Paz-Silva, A., Francisco, I., Valero-Coss, R.O., Cortiñas, F.J., Sánchez, J.A., Francisco, R., Arias, M., Suárez, J.L., López-Arellano, M.E., Sánchez-Andrade, R., de Gives, P. Mendoza
Veterinary parasitology 2011 v.179 no.1-3 pp. 277-282
Cyathostomum, Galega, bioactive properties, chlamydospores, eggs, feces, fungi, gastrointestinal nematodes, horses, nematode larvae, rectum, trapping
The analysis of the capability of the nematode trapping-fungus Duddingtonia flagrans to adapt to the cyathostomin egg-output in horses was evaluated.
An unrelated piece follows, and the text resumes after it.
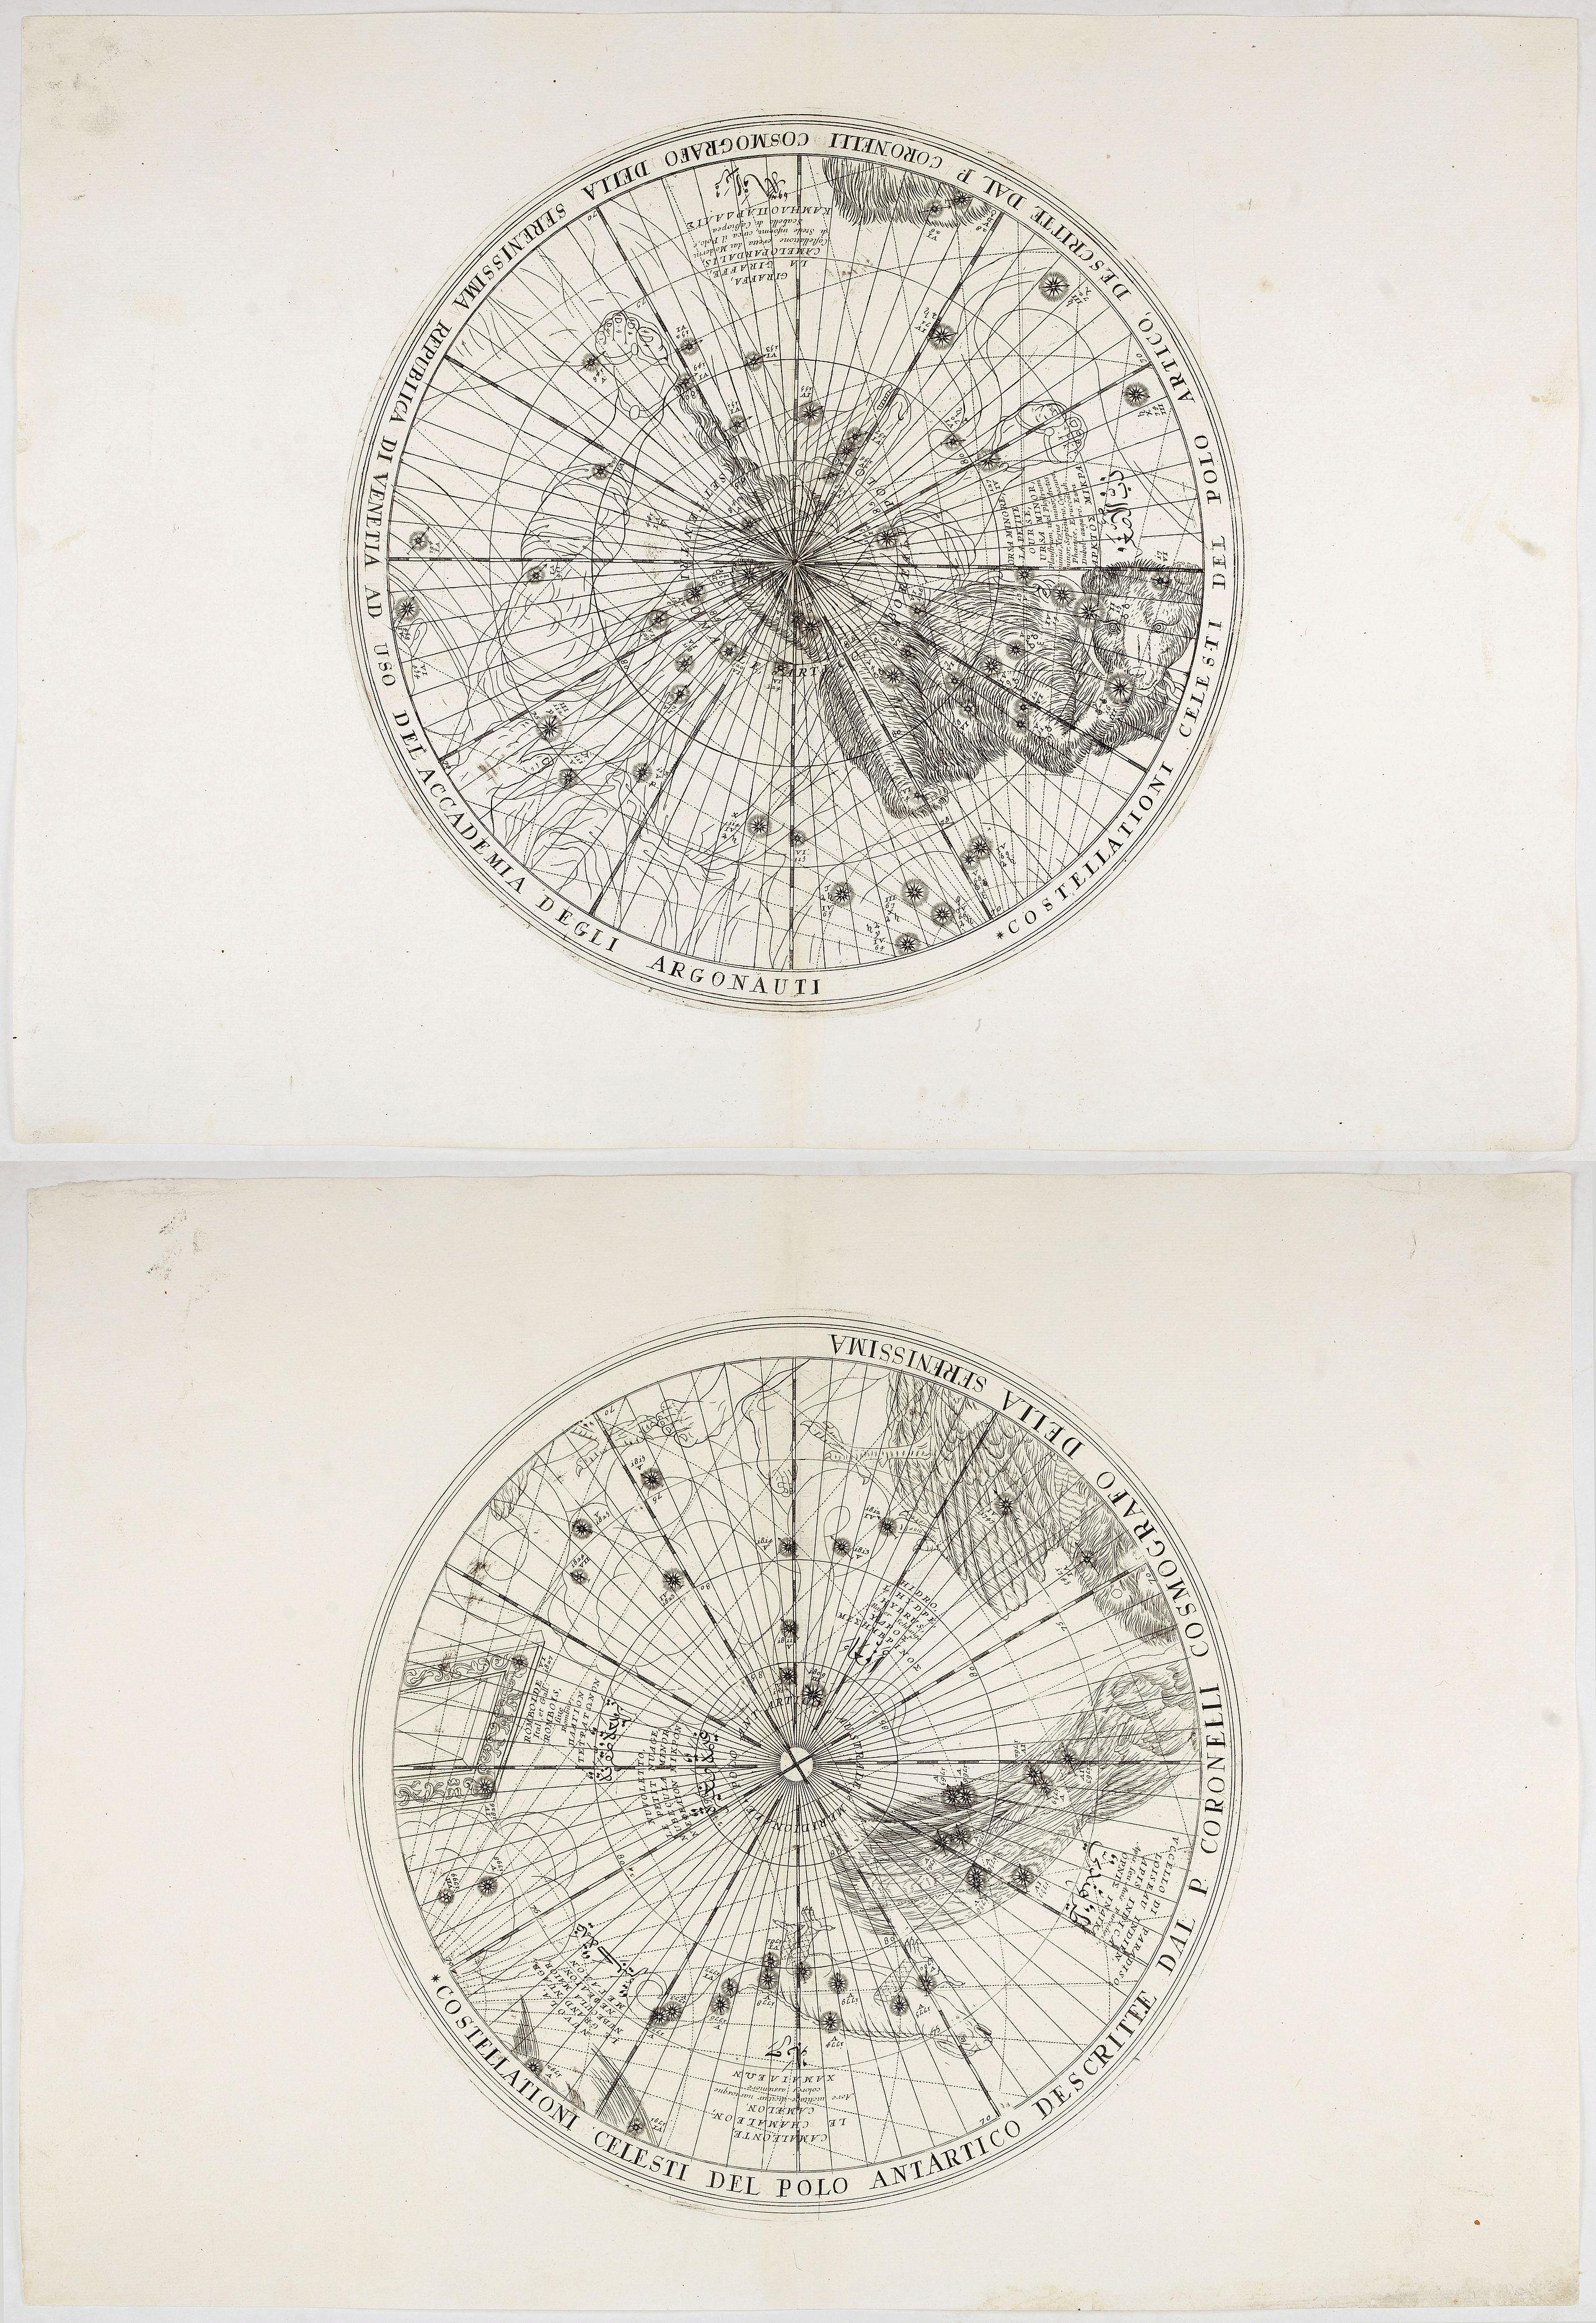 CORONELLI, V. -  [Set of two sheets] Costellationi celesti del polo Antartico …. Costellationi celesti del polo Artico …

Fecal samples from 196 pasturing autochthonous Pura Raza Galega horses were collected from the rectum and then divided according to the egg-output into three groups: ≤300, 310–800 and >800 eggs per gram feces. Four doses of chlamydospores (0.1, 0.2, 0.4 and 0.8×10⁶/100g feces) were directly spread onto fecal pats on the ground, remaining one without treatment as control. Fecal pats confirmed the presence of gastrointestinal nematode larvae belonging to strongylid cyathostomins (Cyathostomum and Gyalocephalus spp). An overall 94% (95% CI 91, 97) percentage of reduction was obtained, and an increase in the activity of the trapping-fungi simultaneously to the rising in the number of cyathostomin eggs and larvae in the coprocultures was detected. A significantly highest reduction of the cyathostomin L3 in the coprocultures with more than 800 EPG was found, which indicates that Df trapping activity is larvae nematode density-dependant. The present research showed the high biological activity of D. flagrans against nematode larvae can adjust to the cyathostomin egg-output, and underlines its efficacy as a practical method for the control of these parasites in grazing horses.